For the most part, women who experience bleeding during the first trimester, will be given an ultrasound scan, to determine if the pregnancy is viable or if a miscarriage is beginning (or imminent).
Current ultrasound guidelines for miscarriage are an embryo bigger than 6mm long but without a heartbeat or a pregnancy sac bigger than 20mm with no visible embryo. Researchers in the UK feel that these numbers should be larger by 1mm for the former and by an additional 5mm for the latter.

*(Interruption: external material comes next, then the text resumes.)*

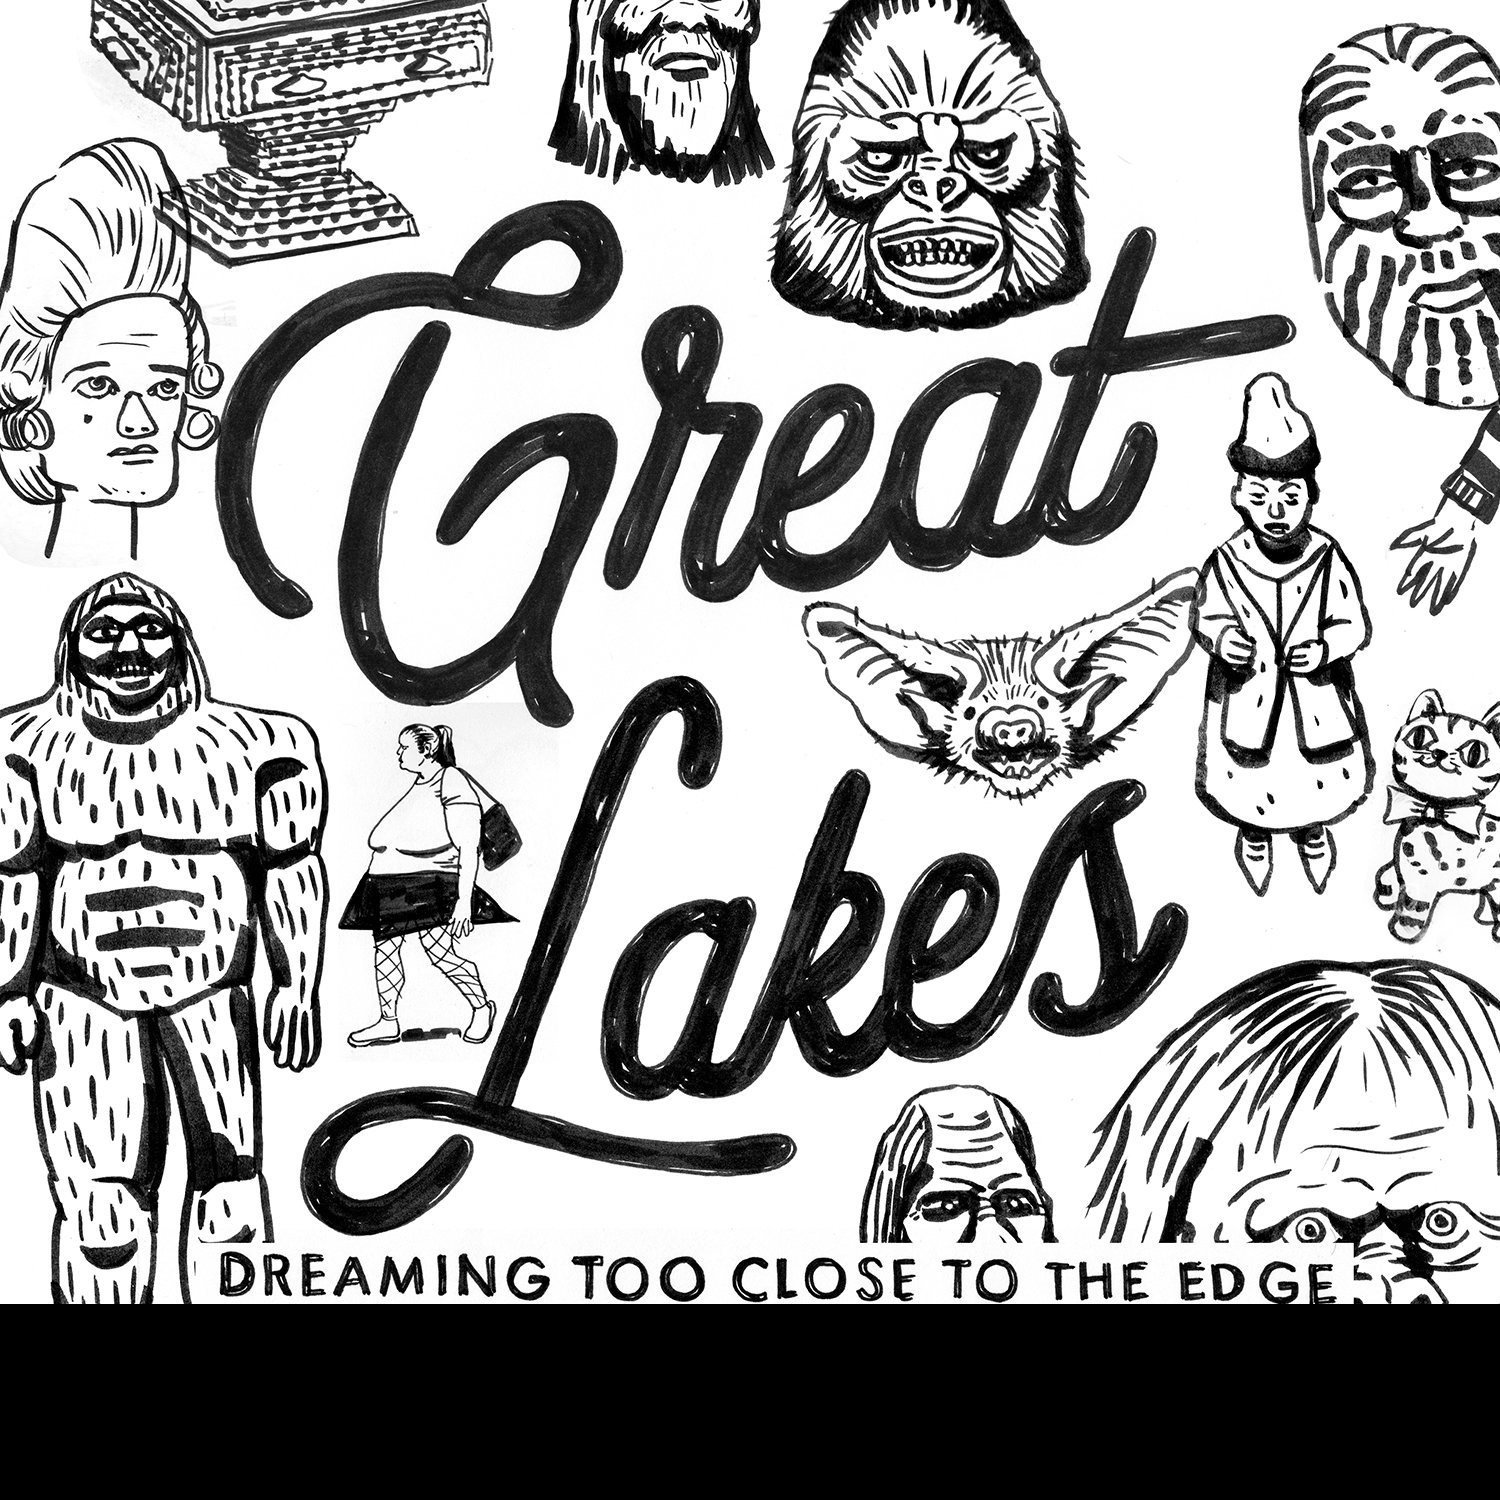 CD Shop - GREAT LAKES DREAMING TOO CLOSE TO THE EDGE

Researchers felt that these additions would exclude anyone with a viable pregnancy from being diagnosed with a miscarriage. Researchers did not feel many mistakes were currently being made in diagnosing miscarriages. However, the new guidelines would decrease the margin of error. The also felt it was better to be overly cautious in such situations.

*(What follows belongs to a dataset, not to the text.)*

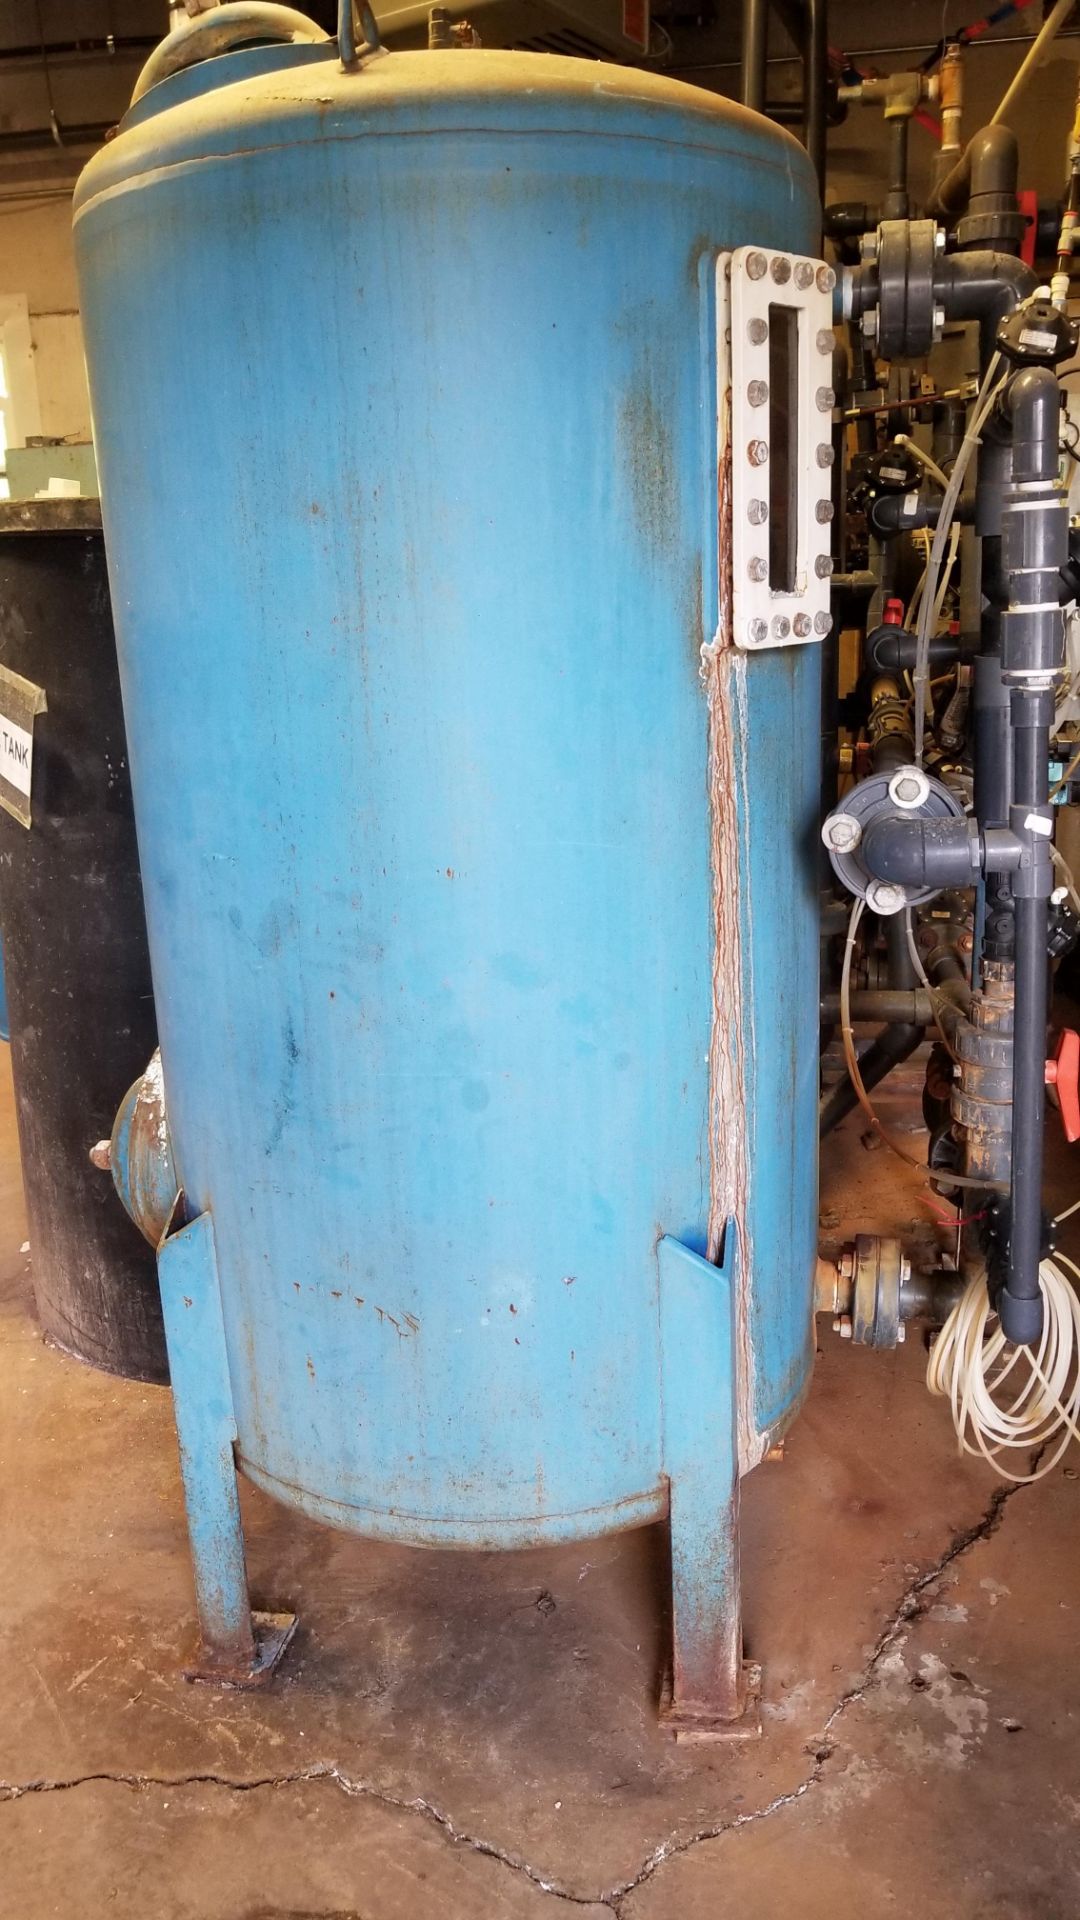 Glenwood Inglewood Water Filters (Loading Fee $500) (Located Dixon, IL) - Image 2 of 3

Although the researchers used the UK guidelines, doctors in the United States also feel that the research is significant here as well. While the US has the same standard for an embryo without a heartbeat (longer than 6mm) standards for measuring the gestational sac are actually lower than those in the UK (16mm). When doctors in the United States applied the findings of the UK research, the found that as many as 1 in 23 miscarriages could potentially be misdiagnosed.
Regardless of what happens with official guidelines, most doctors on both sides of the Atlantic recommend a wait and see approach or expectant management. If a pregnancy is not believed to be viable but the woman comes in a week or so later for another ultrasound, a miscarriage can be diagnosed with better accuracy. While some doctors will recommend a D&E procedure or other medical intervention immediately, many prefer expectant management anyway in the case of light bleeding or spotting. In cases of heavier bleeding and/or cramping, a determination of miscarriage may be obvious without an ultrasound. Misdiagnosed miscarriage seems to be more common prior to the eighth week of pregnancy.